Ron Tanner, vice president for communications and education with the National Association for the Specialty Food Trade in New York, projects an increase in sales of 4 percent to 6 percent a year. Twenty years ago, his organization had 350 members; today it has 2,500. Even though the national economy has been challenged, people still want indulgences, and specialty foods can give that indulgence and still remain affordable, Tanner says.

Idaho has plenty of crops from which to make specialty foods. In addition to its famous potatoes, the state ranks in the top five in the nation in production of lentils, sugar beets, barley, mint, hops, dairy products, spring wheat, trout, plums and prunes. Some of the foods aren't even meant for people, such as organic grains to feed dairy cows that produce organic milk.

Competitive pressures within the farm industry are making it more and more appealing to produce specialty foods, says Jake Putnam, spokesman for the Idaho Farm Bureau. "Everyone grows wheat and potatoes and onions, but the problem is that everyone is doing it. With a specialty or organic food, the farmer can distinguish himself."

The diverse nature of specialty foods demonstrates the adaptability of the companies that produce them. Competition is fierce; consumers are fickle; and government regulations and international-trade policies are constantly changing the playing field. It's a balsamic-eat-balsamic world out there, and only companies that adapt to the times will succeed.

Gourmet and specialty foods may be organic foods, and Idaho has had an organic-certification program since 1990. Eleven farmers signed up in the beginning, but now there are 132 certified organic farmers. The state had about 106,000 acres in organic production in 2001, with total revenues of $5.5 million. The Gem State is one of the top five states in the nation for organic acreage, according to the U.S. Department of Agriculture.

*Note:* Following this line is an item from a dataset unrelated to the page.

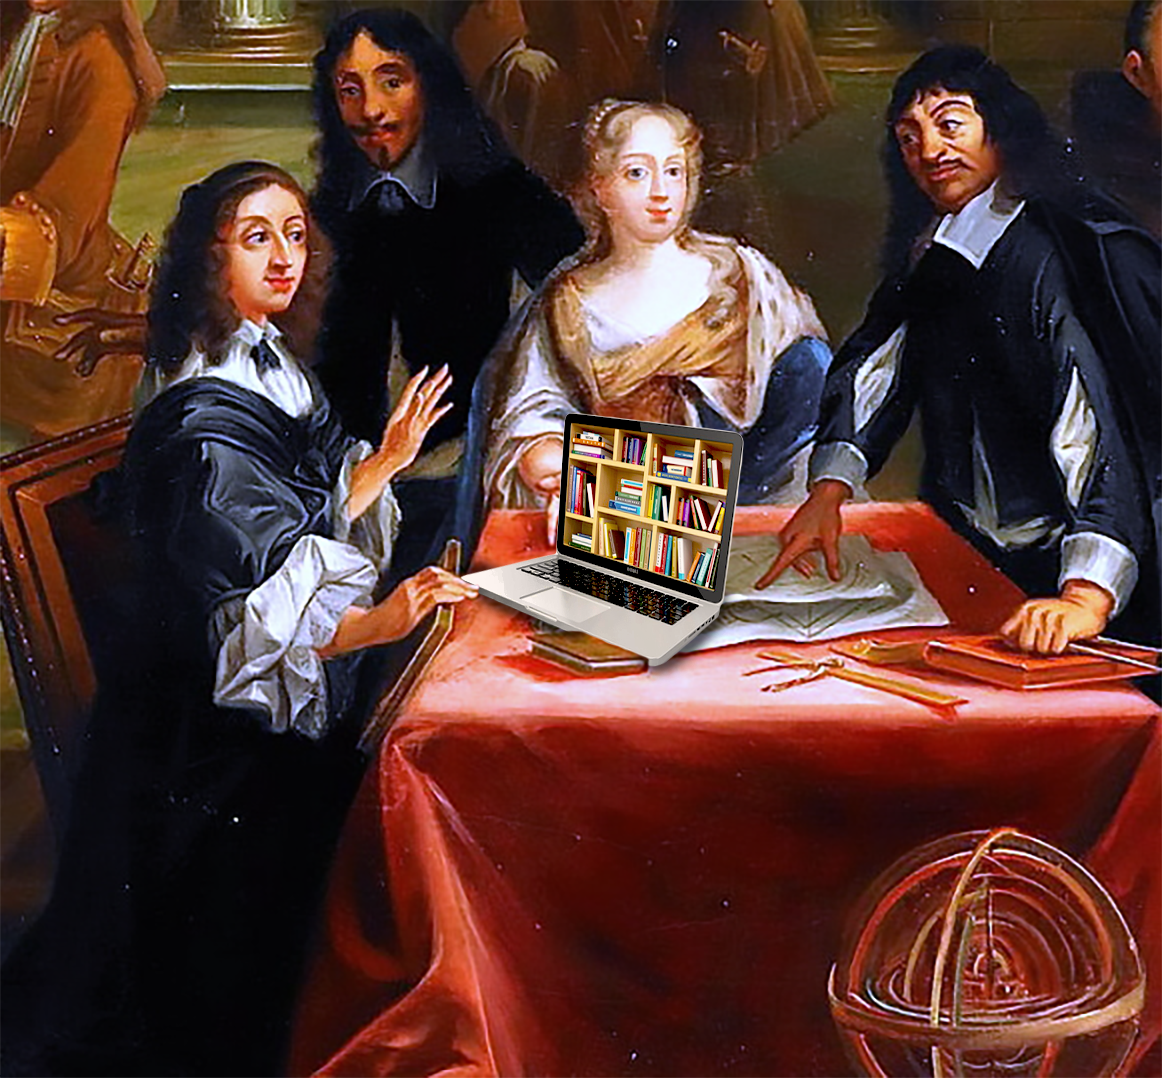 Painting of René Descartes and Christina of Sweden, with a laptop edited in

Organic foods are raised without chemicals, pesticides, artificial fertilizers or growth hormones. At least on savvy company, Paradise Farm Organics, is blending the wholesomeness of organic foods with the convenience that modern consumers desire.

Based in Moscow, Idaho, the company operates a farm, runs a mail-order produce business and manufactures instant, just-add-water organic foods. It also operates an organic-farming-and-marketing apprentice school.

Founder MaryJane Butters bought a 5-acre farm on the Palouse prairie in 1985 to grow food for her family, but she and her husband, Nick Ogle, soon turned that passion into a business that now does about $500,000 in sales and annually and employs the equivalent of 12 full-time employees.

A major part of the company's business is instant food for backpackers, says Ogle. REI carries Paradise's dried backpacking foods under the "MaryJanesFarm Backcountry Food" label.

"People eat them at home, and at the office, and while traveling - even at the airport, where they can pull them out of their briefcases or purses and enjoy a healthy meal," Ogle says. "Red Pesto Pasta, Wild Forest Mushroom Couscous and Hot 'n Creamy Cereal are the biggest sellers; all you have to do is add hot water."

The farm uses its own produce and buys from local organic farmers when needed. Ogle says that's part of the appeal of Paradise Farm products and organic foods in general.

"Idaho is known for clean air and clean water and friendly people," he says. "The perception is that Idaho is a healthier place with a healthier lifestyle, and that's part of the package we sell."